I also found it particularly helpful to map the problem domain as a strategy to deal with ever changing requirements (Winder and Roberts 2006).

“A problem domain is the context in which a particular problem exists. For example, the problem domain in which a specific route plan exists is that of maps, route planning, travelling and strategies for moving around. Critically, the problem domain is relatively stable, changing only slowly, while specific problems to be solved are transient and change regularly. If you are able to capture the problem domain as the core of the design of your program, then the program code is likely to be more stable, more reusable and more easily adaptable to specific problems as they come and go.” (Winder and Roberts 2006, 351)

“Consider wanting to know how to travel from A to B. You could ask someone for a route plan and get a list of instructions containing statements such as ‘go to the end of the road, turn left, then turn right at the third turning on the left’, and so on. With a basic understanding of how each statement is interpreted (e.g. how to count turnings to find the third on the left), you can follow the instructions and get to your destination”.(Winder and Roberts 2006, 354)
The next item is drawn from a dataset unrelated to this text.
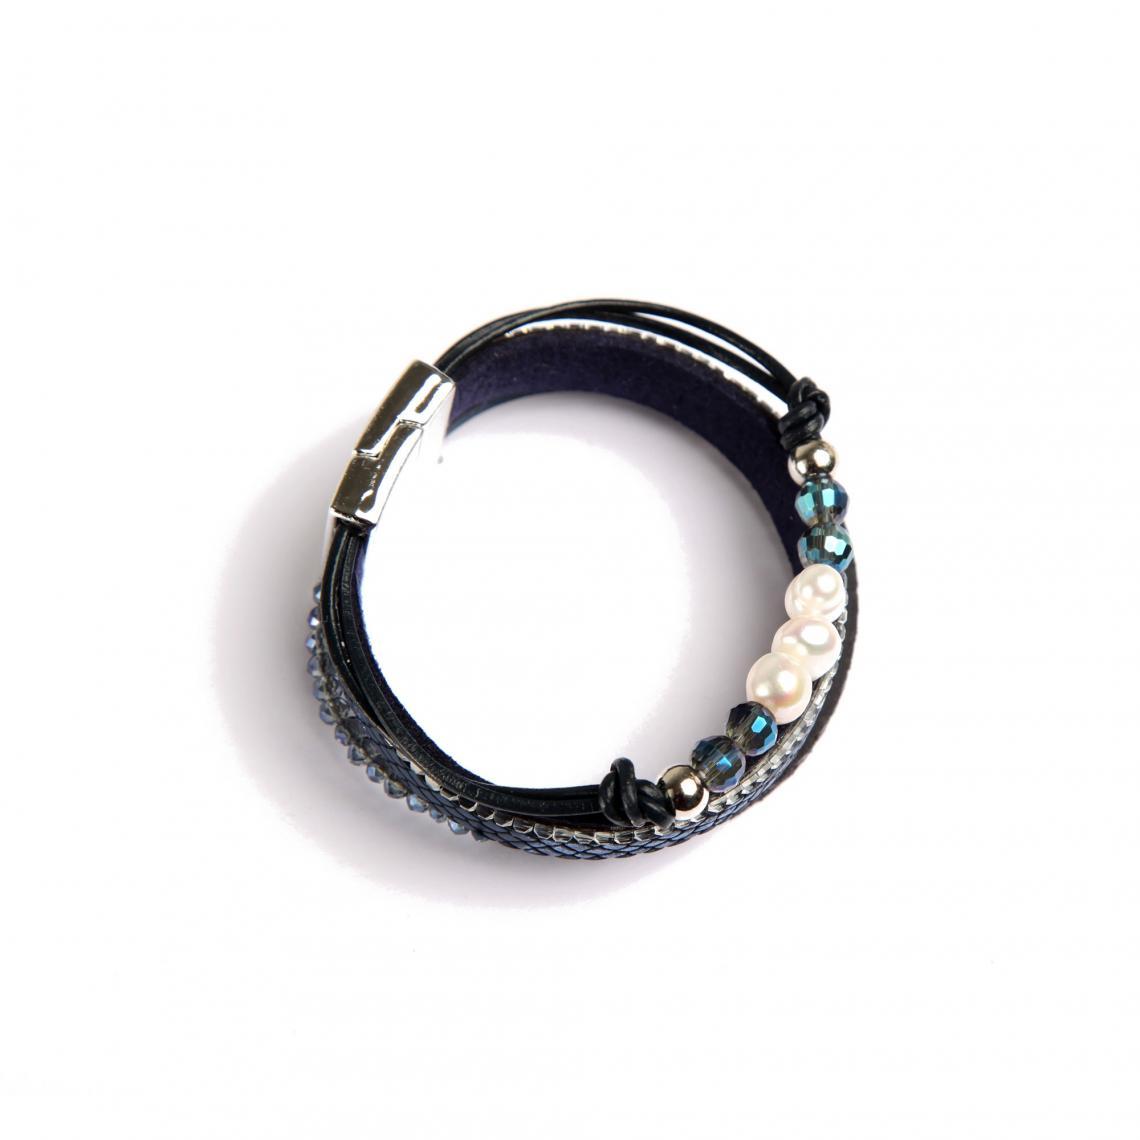 Bracelet avec perles fantaisie multicolores femme - Bleu Marine
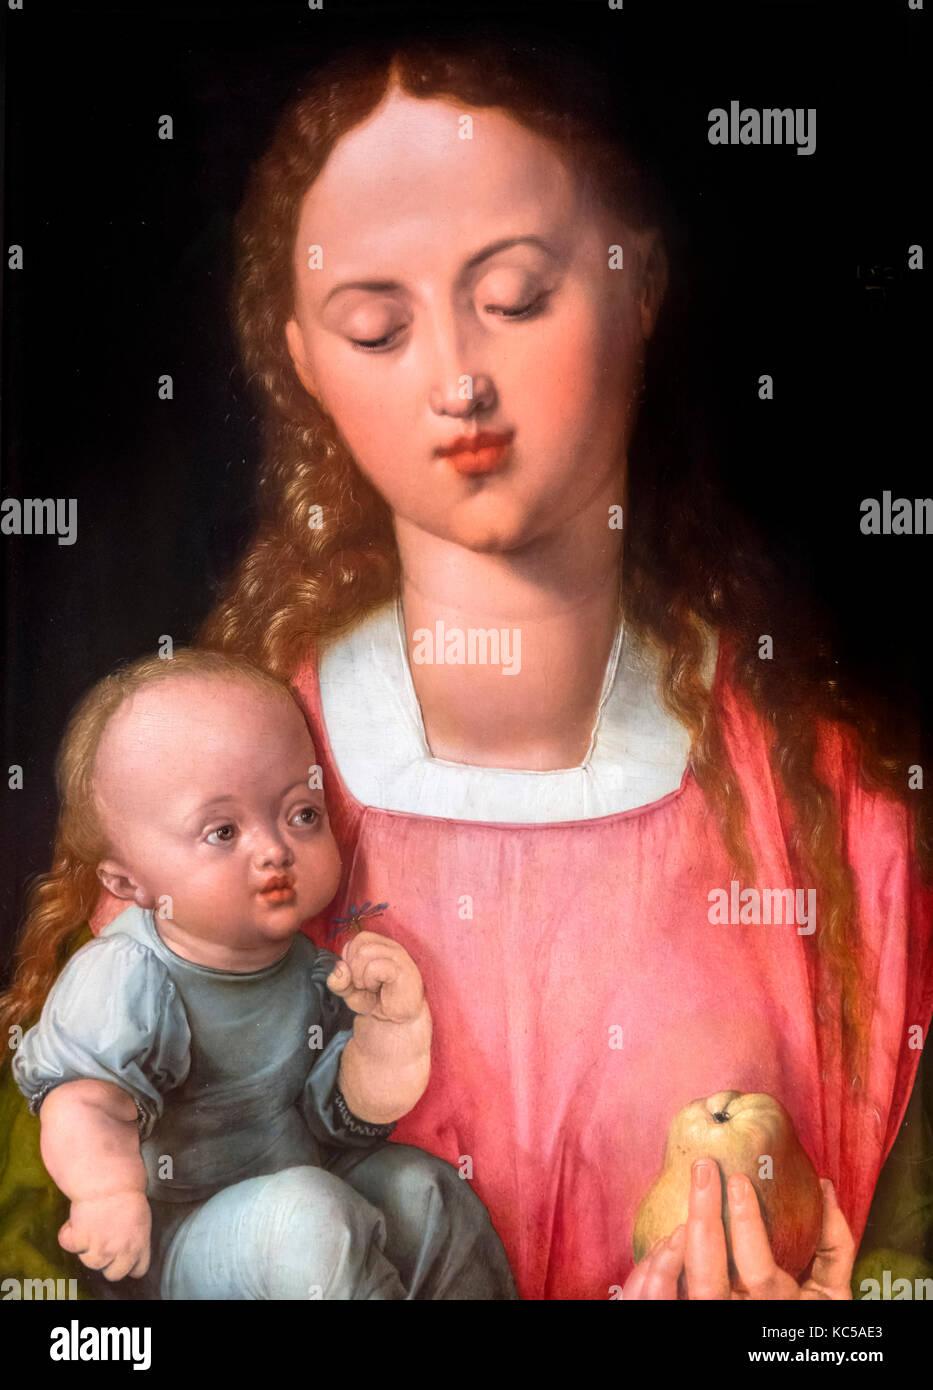 Madonna mit Kind (Madonna der Birne) von Albrecht Dürer (1471-1528), Öl auf Leinwand, 1526 Stockbild

“A given route plan may work but it is very specific. To find out how to travel to a different destination you have to go and ask for a new list of instructions every time you want to travel. An alternative strategy for dealing with your travelling problem is to make use of a map. This will allow you to travel between any two points on the map and do your own route planning. The route planning can even be done while you are travelling. There is a cost for using the map, you have to learn how to read and interpret it, as well as develop strategies for planning routes. However, in the longer term the benefits more than outweigh the initial learning costs. Moreover, much more of the map strategy is reusable—it is easy to transfer the solution strategy from one problem to the next.” (Winder and Roberts 2006, 355)

use component-based design

Another helpful technique is that of component-based design when writing the code of your program (Winder and Roberts 2006)

“A component is typically implemented by a small collection of classes, with one class acting as an interface to the component. Rather than designing a program from scratch, it can be built out of a set of predefined components which are linked together with small amounts of new code. This approach is termed component-based design. The connections between components are enabled using the mechanisms of inheritance, interfaces and dynamic binding. Users of the component make use of the public interface to call the component’s methods but need not be aware of the details of the component implementation.” (Winder and Roberts 2006, 265)

Thinking in terms of reusable components has several advantages. For instance autoEdit “front end” is written in web technologies in such a way that the demo on the project website is the same code but with a hard coded database. This means that if I were to make a web version of the app I could reuse that part with minimal adjustments. It ultimately comes down to making a judgement call between premature optimization vs being strategic. Often a thin line.

Use an R&D Approach

Once you have got some findings from initial user research, you are ready to take the next step to identify, learn, and understand possible workflows. Then you can treat it almost like a lego project.

For example, for autoEdit, an understanding of the paper-editing workflow and how the users relate to that and/or a variation of it was crucial.

To get a better feel for this, I run a series of workshop on paper-editing, where participants were learning interview story crafting and I would get the type of insights you normally get through focus groups, focusing on the underlying workflow and not the app itself. (Passarelli 2017) (Passarelli 2016c)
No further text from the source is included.